A group of business owners and business-minded folks gathered Feb. 19 at the Stanley Historic Event Space, 25 S.E. Third St., for Downtown Lee’s Summit Main Street’s Economic Restructuring Committee’s Lunch and Learn seminar, and some came away impressed by a presentation from Turn the Page, an online marketing company based in Lee’s Summit.
Turn the Page’s seminar, “Google’s Big 3 in 2013: Social, Local and Mobile,” centered on using technology as a means to grow business. Topics included the use of social media platforms such as Facebook, Twitter and Google+ to engage both loyal and potential customers, as well as how to best optimize a company’s website and making that website applicable for mobile devices such as smart phones and tablets.

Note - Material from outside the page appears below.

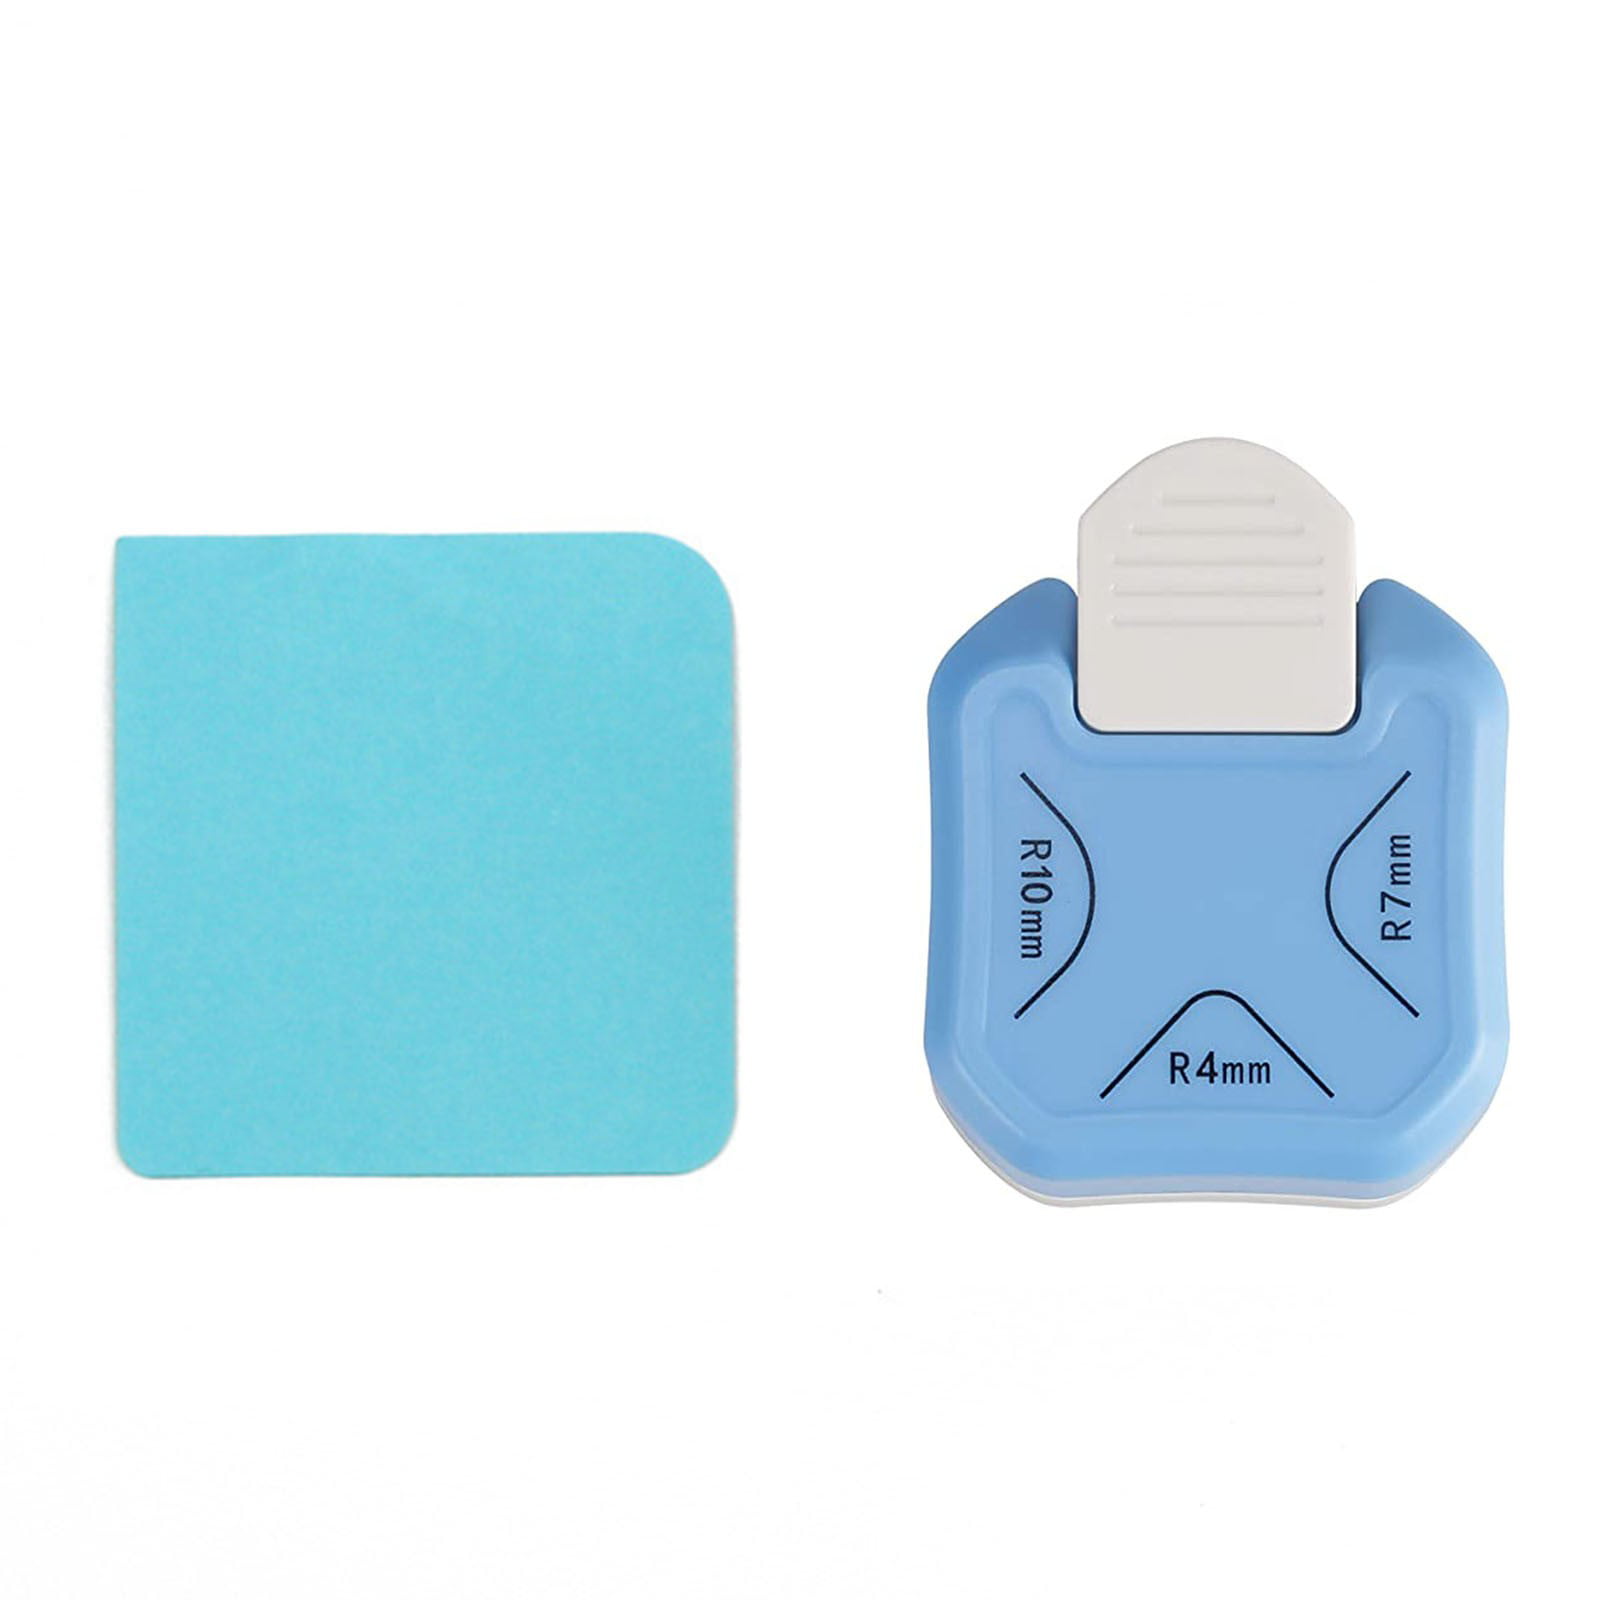 2pcs 3 Way Corner Rounder Punch Cutter DIY Projects Cardstock Hole Puncher, Size: 8.2cmx7.1cm, Other

“I thought it was very good,” said Sheila Clark, a real estate consultant with the Baird Group Real Estate. “I thought it was something that I could go back and actually do. I didn’t fell like, ‘Oh my, gosh, I’m going to have to hire someone to do this.’ I felt like I can do it.”
Clark attended the seminar with Hilary Baird. Baird said the information gleaned is something that the company can use immediately.
“I believe this was real, practical and important everyday information,” Baird said. “We have all set up Twitter accounts; Instagram. We’re just reaching out trying to stay connected with people.”
Amy Driver, Turn the Page’s chief technology officer, said the company has found its niche in delivering marketing opportunities for businesses to command their local market, and with each seminar, the company’s client base potentially grows.
“When we started talking to business owners we realized we needed to education them,” Driver said shortly after CEO Rob Rance gave a nearly hour-long presentation to a crowd that hovered well past two dozen. Turn the Page has grown from five employees in 2011 to 37 currently, Rance said. “When we started educating them…it just started spiraling into what it is now.”
Most of the seminar was informational, but it’s quite possible business owners or representatives left downtown Lee’s Summit strapped with more knowledge on how to navigate through the treacherous waters of online marketing.
“Honestly, because we sell real estate, we work with clients that are young to old,” Baird said. “The internet has drastically changed us. We have buyers coming to us and saying, ‘Oh, I’m so tired of looking at homes.’ They haven’t physically been in that many homes; they have been searching on the internet, but they are tired by the time they have looked at a few homes.”
Clark said: “We’re trying to get away from paper. So we’re trying to get away from the brochure boxes on the signs. Now we just need to make sure our website is local savvy so if someone drives by a house they can get on their phone and connect with us.”
Added Driver: “We really went into business because we wanted to take a small business owner and help them compete at the level of the big business owners and those big business owners have tons of money that they can just through at marketing and marketing and marketing. We wanted to help give them the opportunity to help them compete at that local level. We wanted to help the small man compete with the big man.”
The seminar and lunch was provided courtesy of The Fristoe Group in Lee’s Summit. The Stanley Historic Event Space and Ingenuity Consulting Partners also provided support for the event.